And in one of this series’ most hysterical moments, he at one point shows up in the kitchen for a quick break, buttering a piece of toast while wife and son sit there, eating breakfast and looking at him in his ridiculous outfit of a protective suit and breathing mask. The look that Skyler (Anna Gunn) gives him is priceless. He doesn’t notice. Just eats his toast -- quickly, for there is more work to be done.

“Are you going to work today?” Skyler asked in a classic, stunned deadpan.

“Skyler, there’s rot,” he said. A gulp of orange juice. And back to work he went.

Walt Jr. His reaction to what happened at the party was heartbreaking.

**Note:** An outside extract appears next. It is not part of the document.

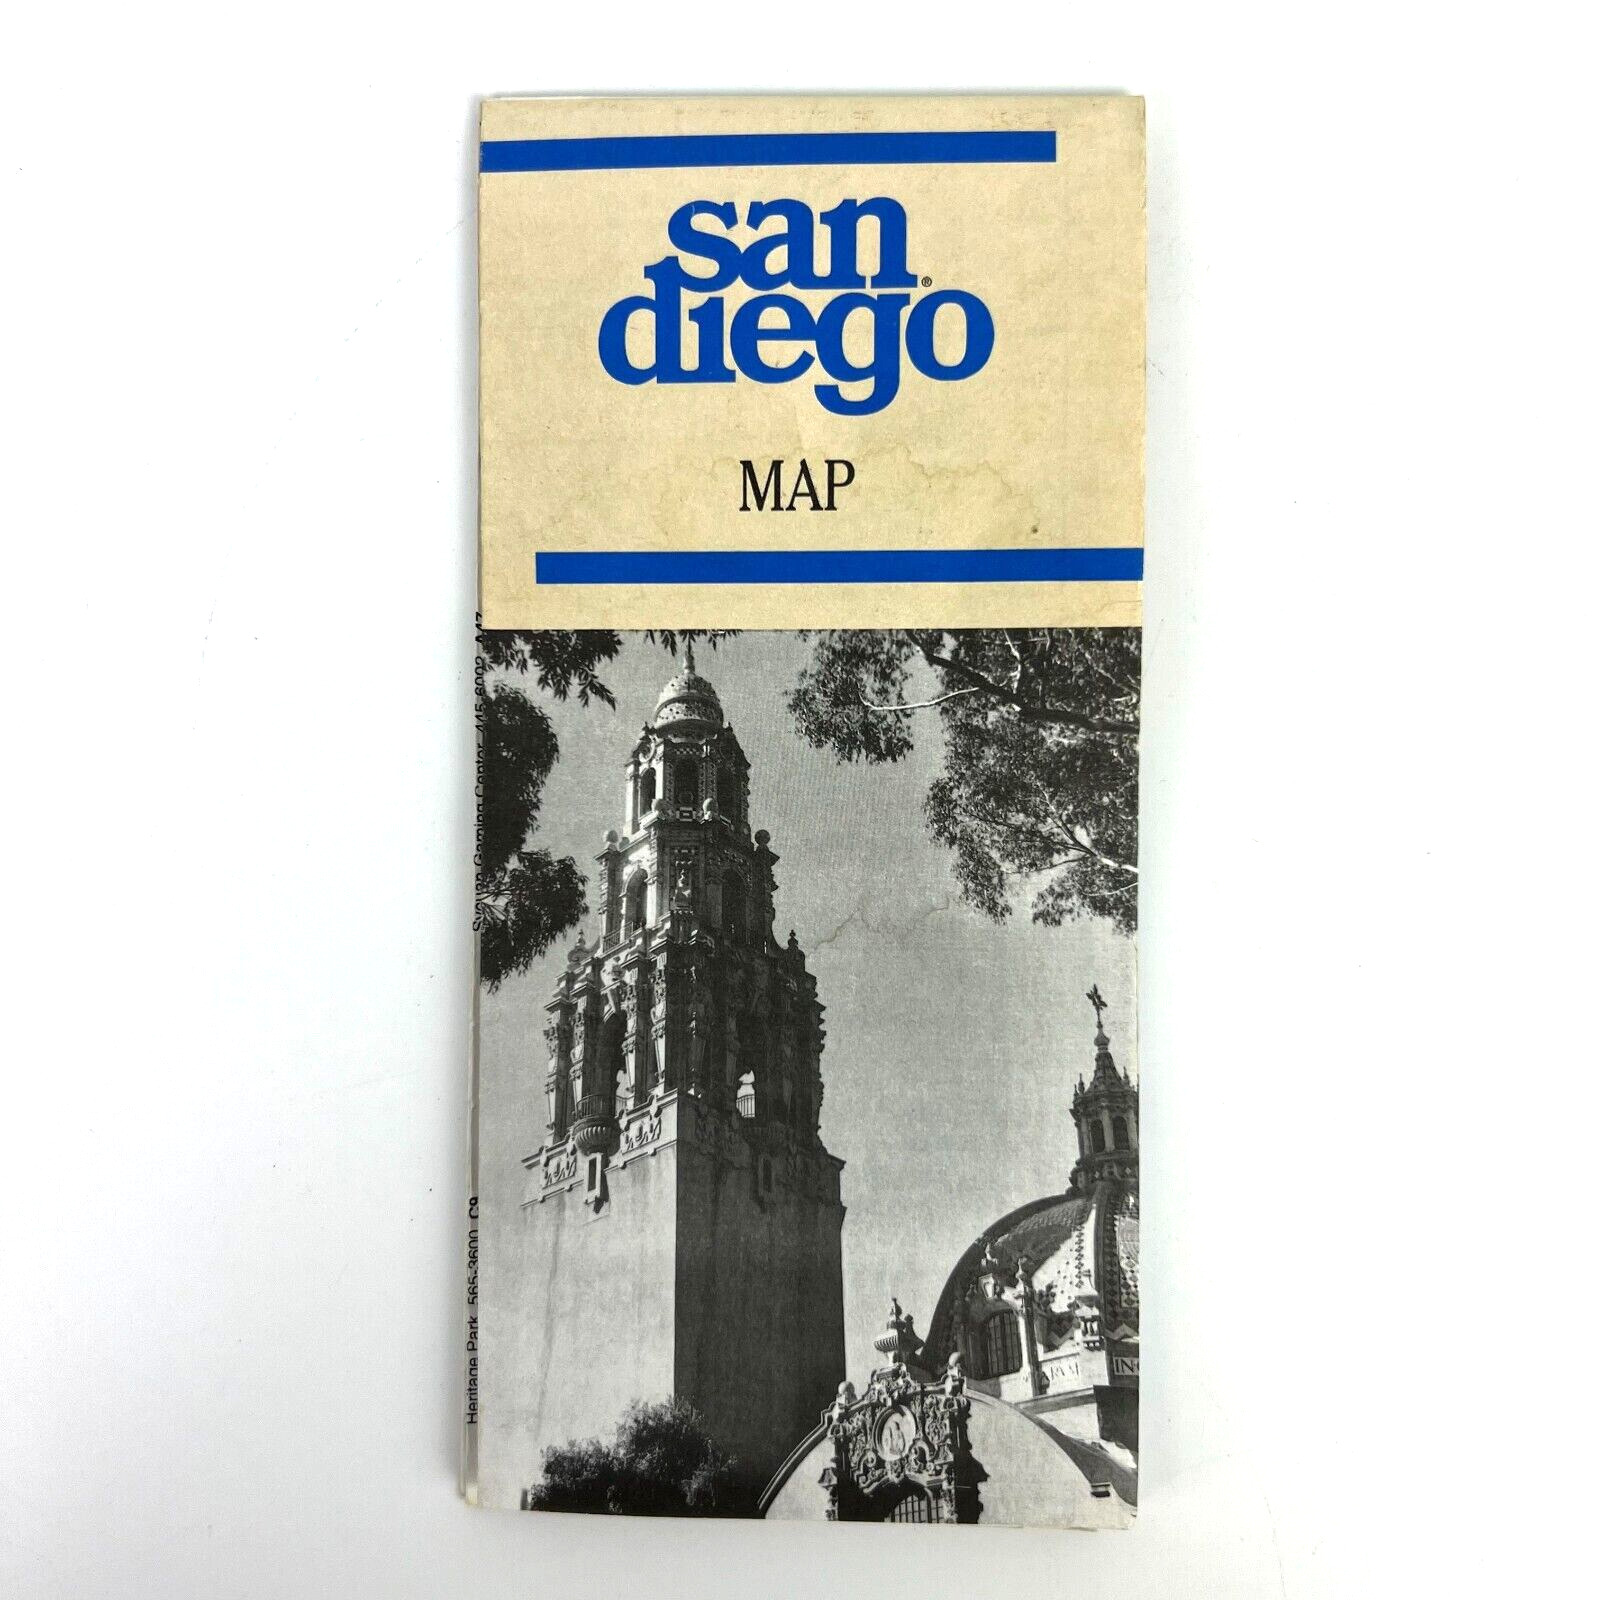 Vintage San Diego, California Travel Map 1992 America's Cup Restaurants Hotels

He actually apologized to his dad for throwing up in the pool. “No, that was not your fault, not at all,” Dad told him. “Son, I owe you an apology. … Having you drink in the first place was not right.”

“But I kept up, right?” Walt Jr. said to him. “You and Uncle Hank... I drank three,” he said, just like they did. Boys will be boys. We worry about keeping up, about proving our toughness, our bravado.

Jesse. And while Walt Jr. worried about proving himself, Jesse (Aaron Paul) sought the approval and validation of Jane (Krysten Ritter), the girl next door for whom he’s fallen. So even though it was pretty clear that she didn’t want her dad to know about him, he forced a meet anyway, appearing outside when she spoke to her father. She still didn’t give in, introducing Jesse as only the tenant next door.

Later, Jesse sulked. He argued. And when he didn’t get his way, he left. (This is what we do.) He also stayed in his car for a moment, waiting to see if Jane would chase after him to apologize. (This is what we dream, to be wanted, to be pursued, and yet. …) She didn’t.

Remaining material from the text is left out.